I saved a orbax checkpoint with the code below:
check_options = ocp.CheckpointManagerOptions(max_to_keep=5, create=True)
check_path = Path(os.getcwd(), out_dir, 'checkpoint')
checkpoint_manager = ocp.CheckpointManager(check_path, options=check_options, item_names=('state', 'metadata'))
checkpoint_manager.save(
step=iter_num,
args=ocp.args.Composite(
state=ocp.args.StandardSave(state),
metadata=ocp.args.JsonSave((model_args, iter_num, best_val_loss, losses['val'].item(), config))))

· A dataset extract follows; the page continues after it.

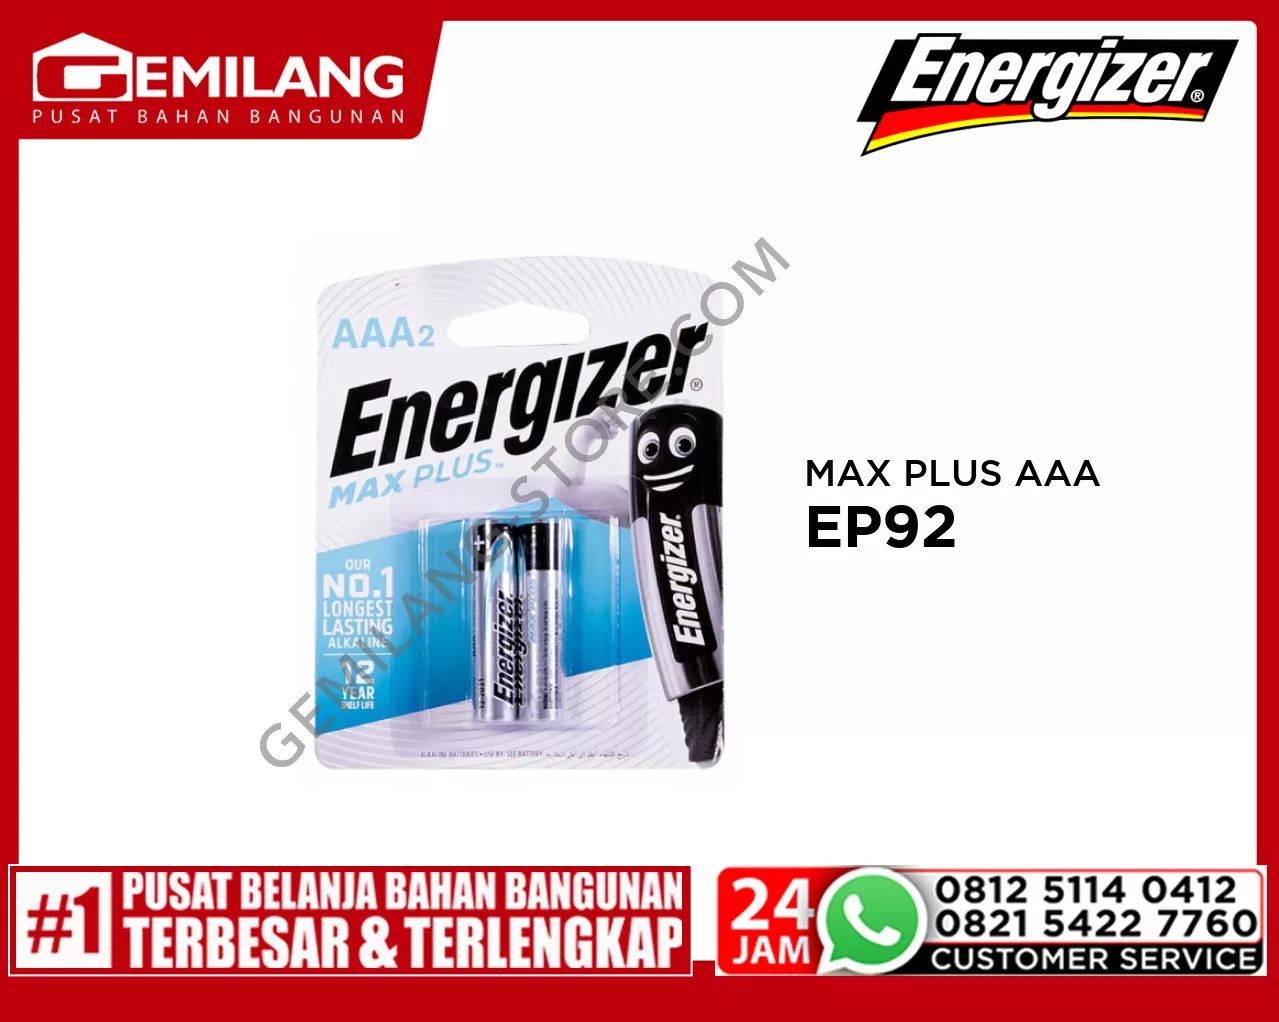 ENERGIZER MAX PLUS AAA EP92 BP2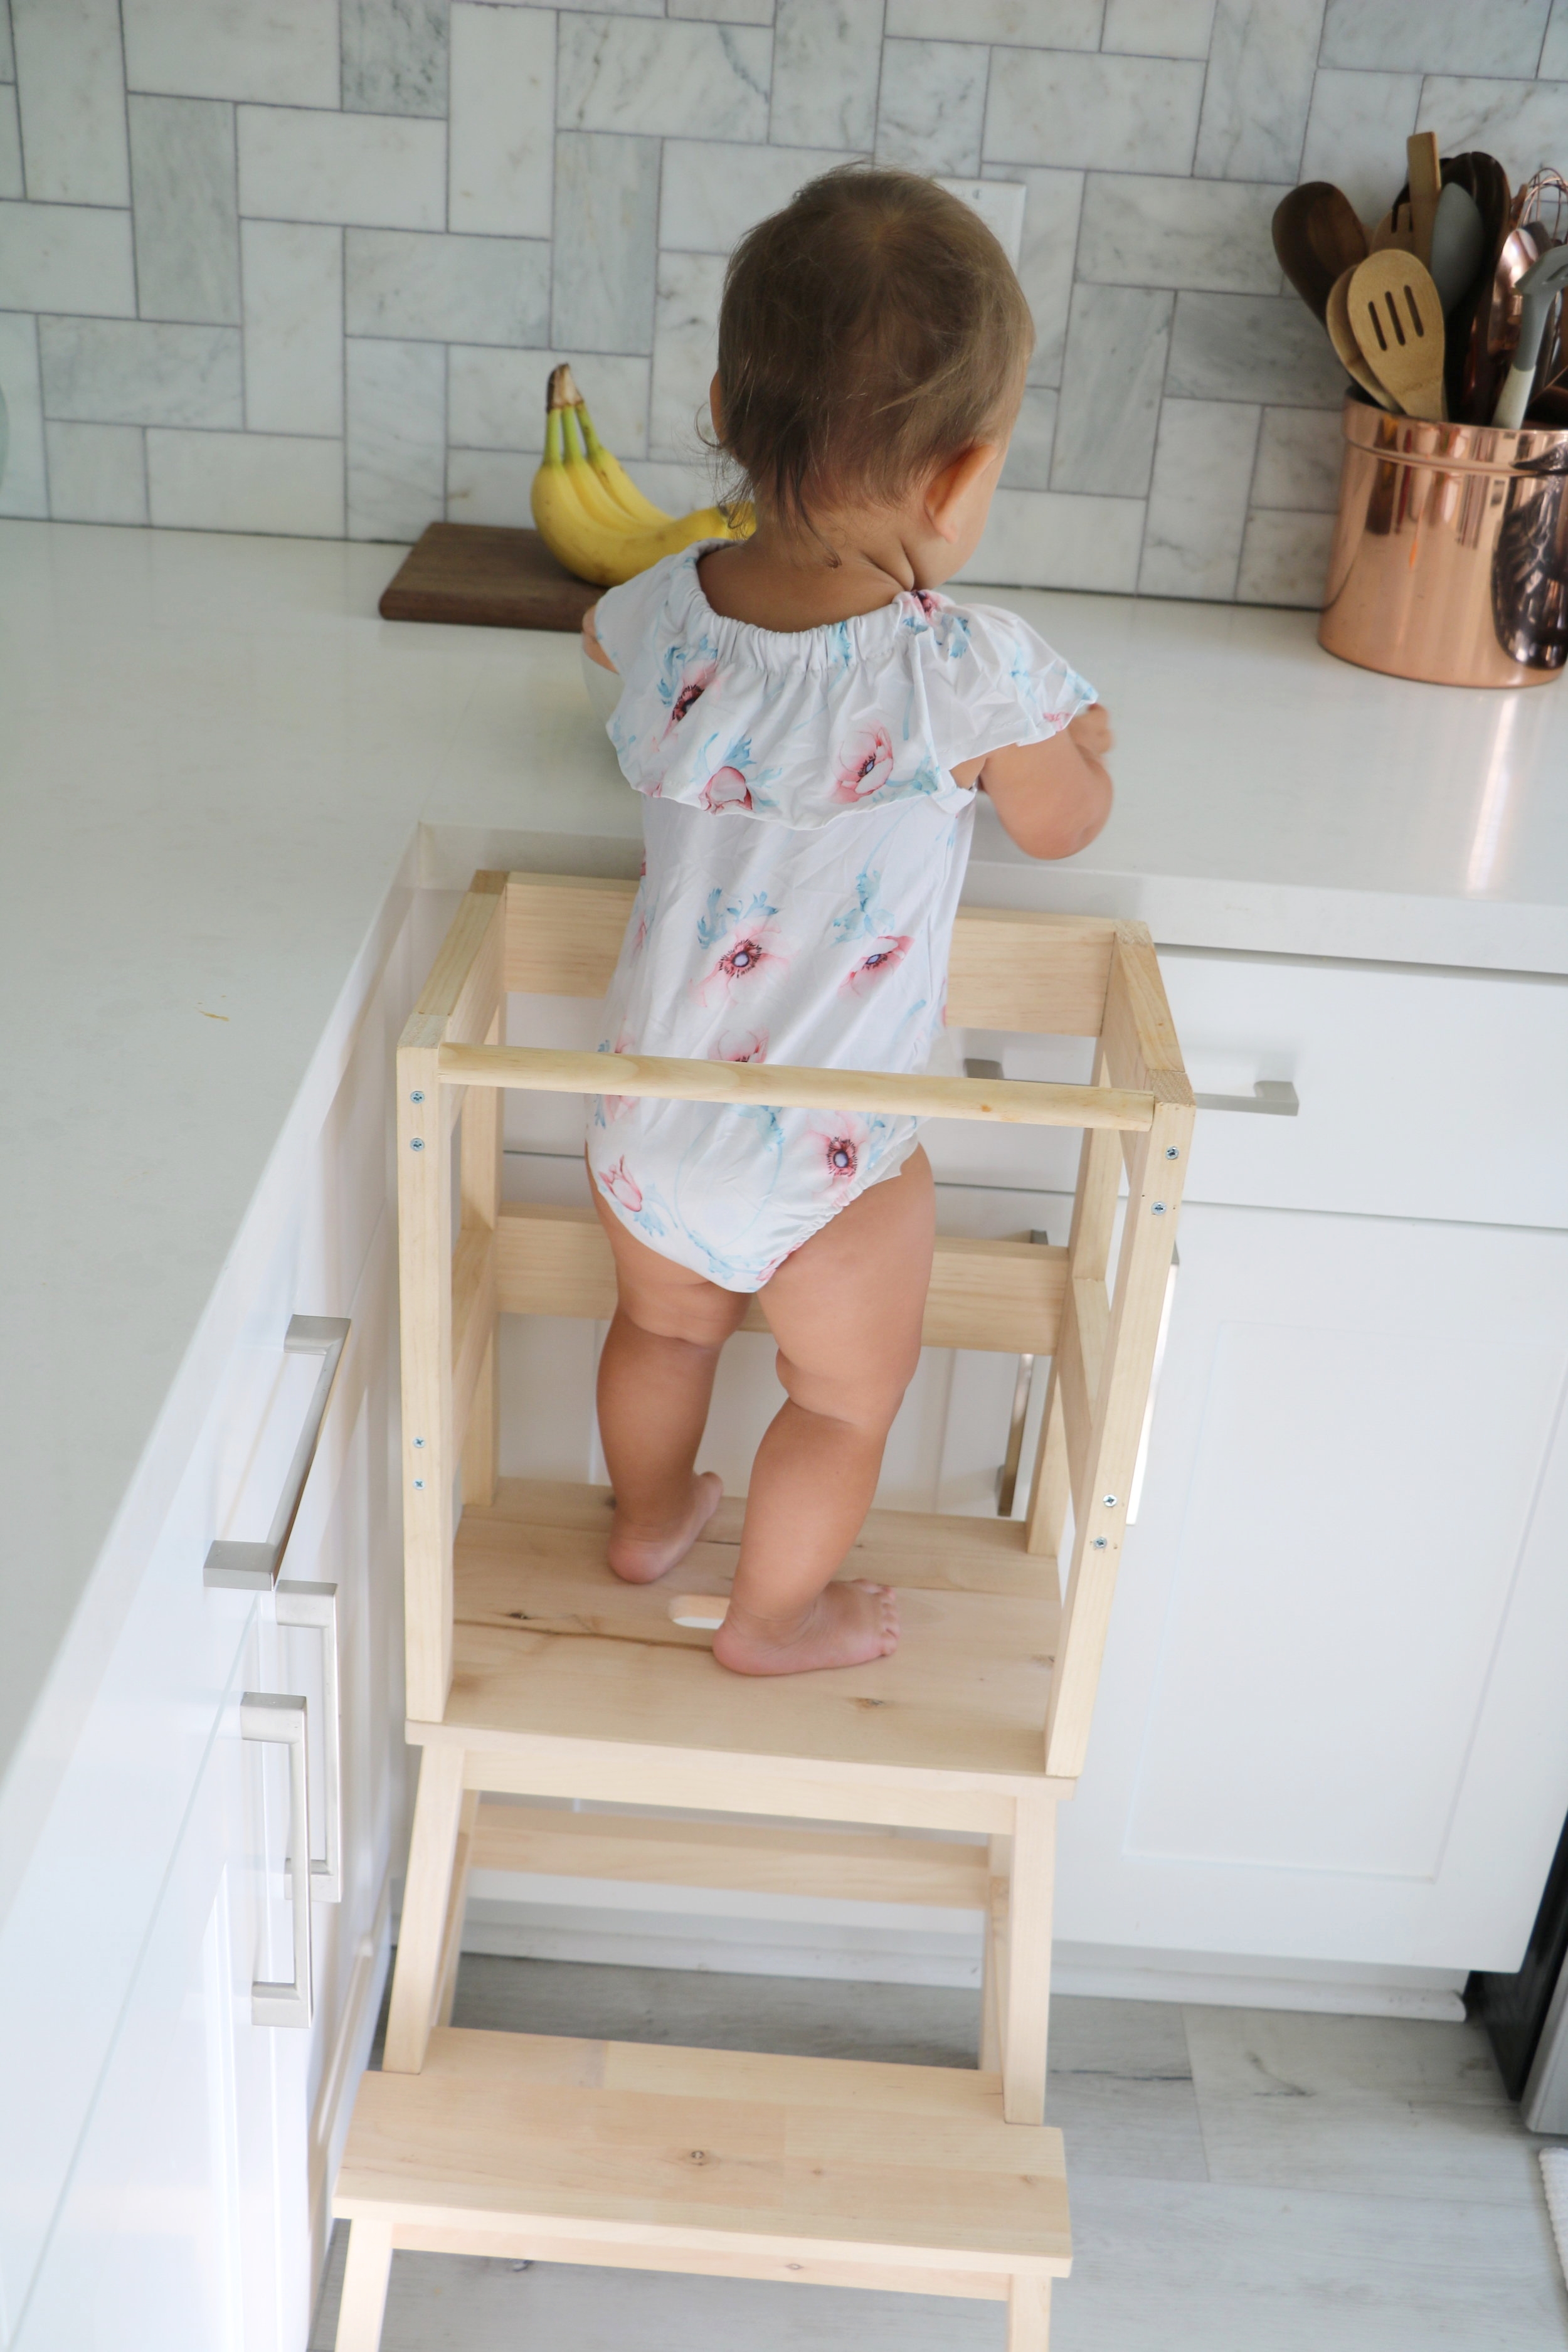 Diy Toddler Learning Tower Stool Brandi Milloy,Amazon Kitchen Best Sellers

When I try to resume from the saved checkpoints, I used the code below to recover the state
variable:
state, lr_schedule = init_train_state(model, params['params'], learning_rate, weight_decay, beta1, beta2, decay_lr, warmup_iters,
lr_decay_iters, min_lr) # Here state is the initialied state variable with type Train_state.
state = checkpoint_manager.restore(checkpoint_manager.latest_step(), items={'state': state})
But when I try to use the recovered state in the training loop, I got this error:
---------------------------------------------------------------------------
KeyError Traceback (most recent call last)
File /opt/conda/envs/py_3.10/lib/python3.10/site-packages/jax/_src/api_util.py:584, in shaped_abstractify(x)
583 try:
--> 584 return _shaped_abstractify_handlers[type(x)](x)
585 except KeyError:
KeyError: <class 'orbax.checkpoint.composite_checkpoint_handler.CompositeArgs'>
During handling of the above exception, another exception occurred:
TypeError Traceback (most recent call last)
Cell In[40], line 37
34 if iter_num == 0 and eval_only:
35 break
---> 37 state, loss = train_step(state, get_batch('train'))
39 # timing and logging
40 t1 = time.time()
[... skipping hidden 6 frame]
File /opt/conda/envs/py_3.10/lib/python3.10/site-packages/jax/_src/api_util.py:575, in _shaped_abstractify_slow(x)
573 dtype = dtypes.canonicalize_dtype(x.dtype, allow_extended_dtype=True)
574 else:
--> 575 raise TypeError(
576 f"Cannot interpret value of type {type(x)} as an abstract array; it "
577 "does not have a dtype attribute")
578 return core.ShapedArray(np.shape(x), dtype, weak_type=weak_type,
579 named_shape=named_shape)
TypeError: Cannot interpret value of type <class 'orbax.checkpoint.composite_checkpoint_handler.CompositeArgs'> as an abstract array; it does not have a dtype attribute
So, how should I correctly recover the state
checkpoint and use it in the training loop?
Thanks!
You're mixing the old and new APIs in a way that is not allowed. Apologies that an error to that effect is not being raised, I can look into that.
Your saving is correct, but I'd recommend that it look more like the following:
with ocp.CheckpointManager(path, options=options, item_names=('state', 'metadata')) as mngr:
mngr.save(
step,
args=ocp.args.Composite(
state=ocp.args.StandardSave(state),
metadata=ocp.args.JsonSave(...),
)
)
When restoring, you're currently using items
which is part of the old API, and the usage is inconsistent with the CheckpointManager
's definition, which is done based on the new API.
item_names
and args
are hallmarks of the new API.
You should do:
with ocp.CheckpointManager(...) as mngr:
mngr.restore(
mngr.latest_step(),
args=ocp.args.Composite(
state=ocp.args.StandardRestore(abstract_state),
)
)
Let me know if there's any unexpected issues with that.